April 15, 1858 — Convention of School-masters and School-mistresses of Onondaga County, Town Hall, Syracuse, NY

 

I will read you Hamlet’s soliloquy and speech to the players.

Speak the speech, I pray you, as I pronounced it to
you, trippingly on the tongue: but if you mouth it,
as many of your players do, I had as lief the
town-crier spoke my lines. Nor do not saw the air
too much with your hand, thus, but use all gently;
for in the very torrent, tempest, and, as I may say,
the whirlwind of passion, you must acquire and beget
a temperance that may give it smoothness. O, it
offends me to the soul to hear a robustious
periwig-pated fellow tear a passion to tatters, to
very rags, to split the ears of the groundlings, who
for the most part are capable of nothing but
inexplicable dumbshows and noise: I would have such
a fellow whipped for o’erdoing Termagant; it
out-herods Herod: pray you, avoid it.
Be not too tame neither, but let your own discretion
be your tutor: suit the action to the word, the
word to the action; with this special o’erstep not
the modesty of nature: for any thing so overdone is
from the purpose of playing, whose end, both at the
first and now, was and is, to hold, as ’twere, the
mirror up to nature; to show virtue her own feature,
scorn her own image, and the very age and body of
the time his form and pressure. Now this overdone,
or come tardy off, though it make the unskilful
laugh, cannot but make the judicious grieve; the
censure of the which one must in your allowance
o’erweigh a whole theatre of others. O, there be
players that I have seen play, and heard others
praise, and that highly, not to speak it profanely,
that, neither having the accent of Christians nor
the gait of Christian, pagan, nor man, have so
strutted and bellowed that I have thought some of
nature’s journeymen had made men and not made them
well, they imitated humanity so abominably.
O, reform it altogether. And let those that play
your clowns speak no more than is set down for them;
for there be of them that will themselves laugh, to
set on some quantity of barren spectators to laugh
too; though, in the mean time, some necessary
question of the play be then to be considered:
that’s villanous, and shows a most pitiful ambition
in the fool that uses it. Go, make you ready.

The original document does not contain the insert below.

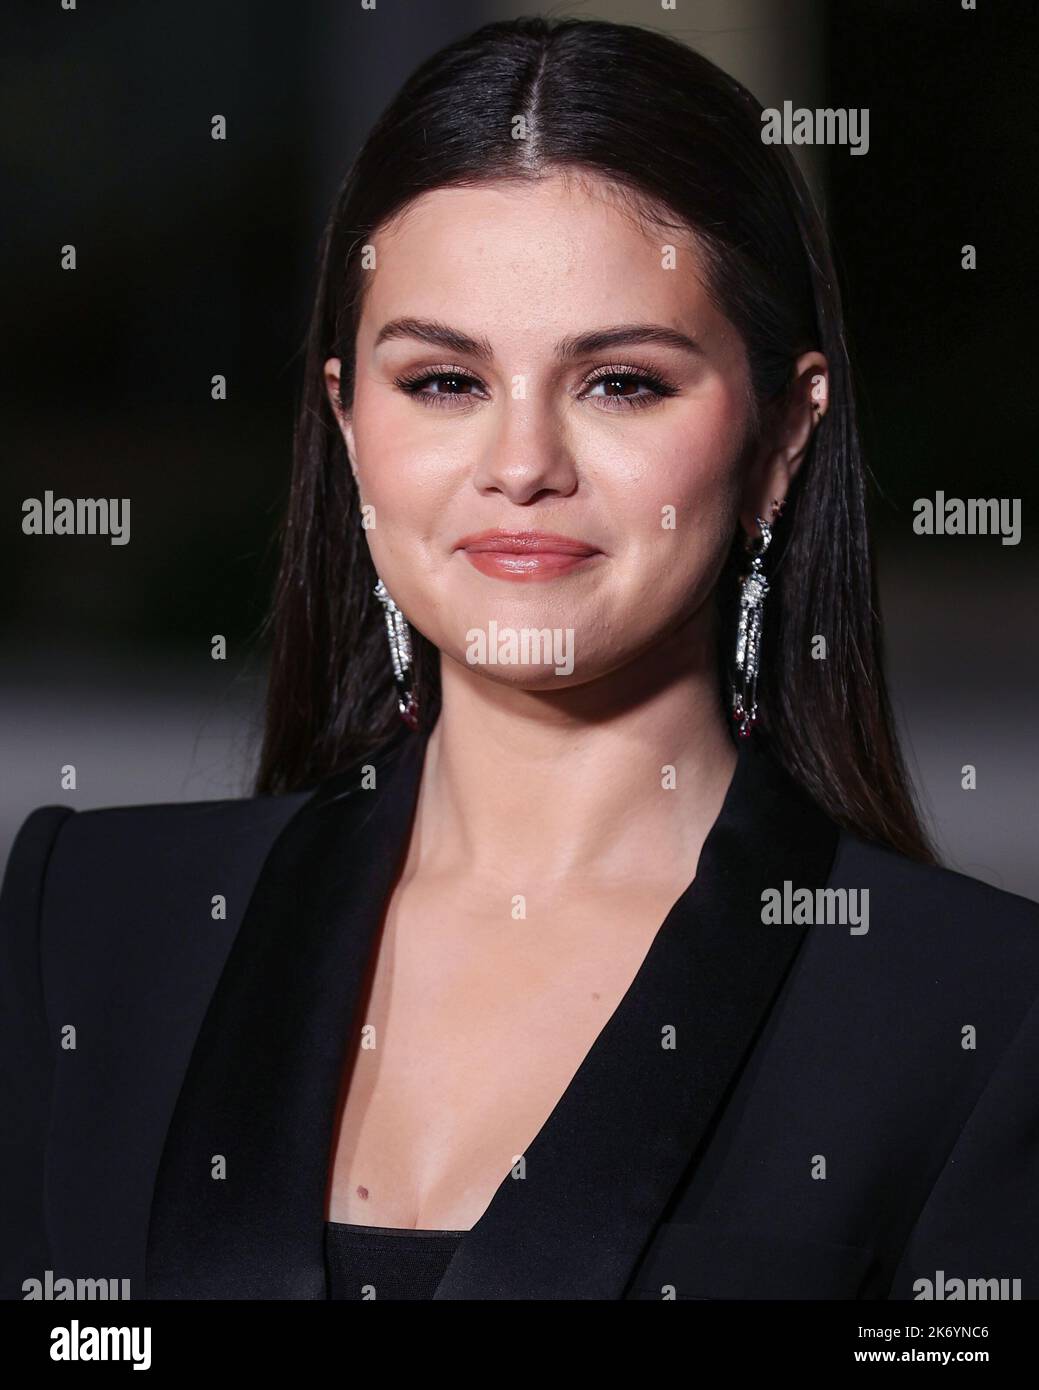 Los Angeles, United States. 15th Oct, 2022. LOS ANGELES, CALIFORNIA, USA - OCTOBER 15: Selena Gomez arrives at the 2nd Annual Academy Museum of Motion Pictures Gala presented by Rolex held at the Academy Museum of Motion Pictures on October 15, 2022 in Los Angeles, California, United States. (Photo by Xavier Collin/Image Press Agency) Credit: Image Press Agency/Alamy Live News Stock Photo

The air of this room is pestiferous. You have here no ventilation, and those rusty sheet-iron stoves are all but red-hot.

I will now read you the lament of her brothers over the supposed dead body of Imogen. 

Fear no more the heat o’ the sun; 
Nor the furious winter’s rages, 
Thou thy worldly task hast done, 
Home art gone, and ta’en thy wages; 
Golden lads and girls all must, 
As chimney sweepers come to dust.
Fear no more the frown of the great, 
Thou art past the tyrant’s stroke:
Care no more to clothe and eat; 
To thee the reed is as the oak: 
The sceptre, learning, physic, must 
All follow this, and come to dust. 
Fear no more the lightning-flash,
Nor the all-dread thunder-stone;
Fear not slander, censure rash;
Thou hast finished joy and moan;
All lovers young, all lovers must
Consign to thee, and come to dust.
No exorciser harm thee!
Nor no witchcraft charm thee!
Ghost unlaid forbear thee!
Nothing ill come near thee! 
Quiet consummation have; 
And renowned be thy grave!

You have now thrown open windows at the top and bottom, on opposite sides of the hall, producing violent draughts of cold air. Such of you as are exposed to them will get colds or the rheumatism.

I will now read to you Mercutio’s speech about dreams.

O, then, I see Queen Mab hath been with you.
She is the fairies’ midwife, and she comes
In shape no bigger than an agate-stone
On the fore-finger of an alderman,
Drawn with a team of little atomies
Athwart men’s noses as they lie asleep;
Her wagon-spokes made of long spinners’ legs,
The cover of the wings of grasshoppers,
The traces of the smallest spider’s web,
The collars of the moonshine’s watery beams,
Her whip of cricket’s bone, the lash of film,
Her wagoner a small grey-coated gnat,
Not so big as a round little worm
Prick’d from the lazy finger of a maid;
Her chariot is an empty hazel-nut
Made by the joiner squirrel or old grub,
Time out o’ mind the fairies’ coachmakers.
And in this state she gallops night by night
Through lovers’ brains, and then they dream of love;
O’er courtiers’ knees, that dream on court’sies straight,
O’er lawyers’ fingers, who straight dream on fees,
O’er ladies ‘ lips, who straight on kisses dream,
Which oft the angry Mab with blisters plagues,
Because their breaths with sweetmeats tainted are:
Sometime she gallops o’er a courtier’s nose,
And then dreams he of smelling out a suit;
And sometime comes she with a tithe-pig’s tail
Tickling a parson’s nose as a’ lies asleep,
Then dreams, he of another benefice:
Sometime she driveth o’er a soldier’s neck,
And then dreams he of cutting foreign throats,
Of breaches, ambuscadoes, Spanish blades,
Of healths five-fathom deep; and then anon
Drums in his ear, at which he starts and wakes,
And being thus frighted swears a prayer or two
And sleeps again. This is that very Mab
That plats the manes of horses in the night,
And bakes the elflocks in foul sluttish hairs,
Which once untangled, much misfortune bodes:
This is the hag, when maids lie on their backs,
That presses them and learns them first to bear,
Making them women of good carriage.

There is a strong escape of gas going on in this room; the screws in the gas-burners are none of them turned square; you are inhaling poison and I am being choked. 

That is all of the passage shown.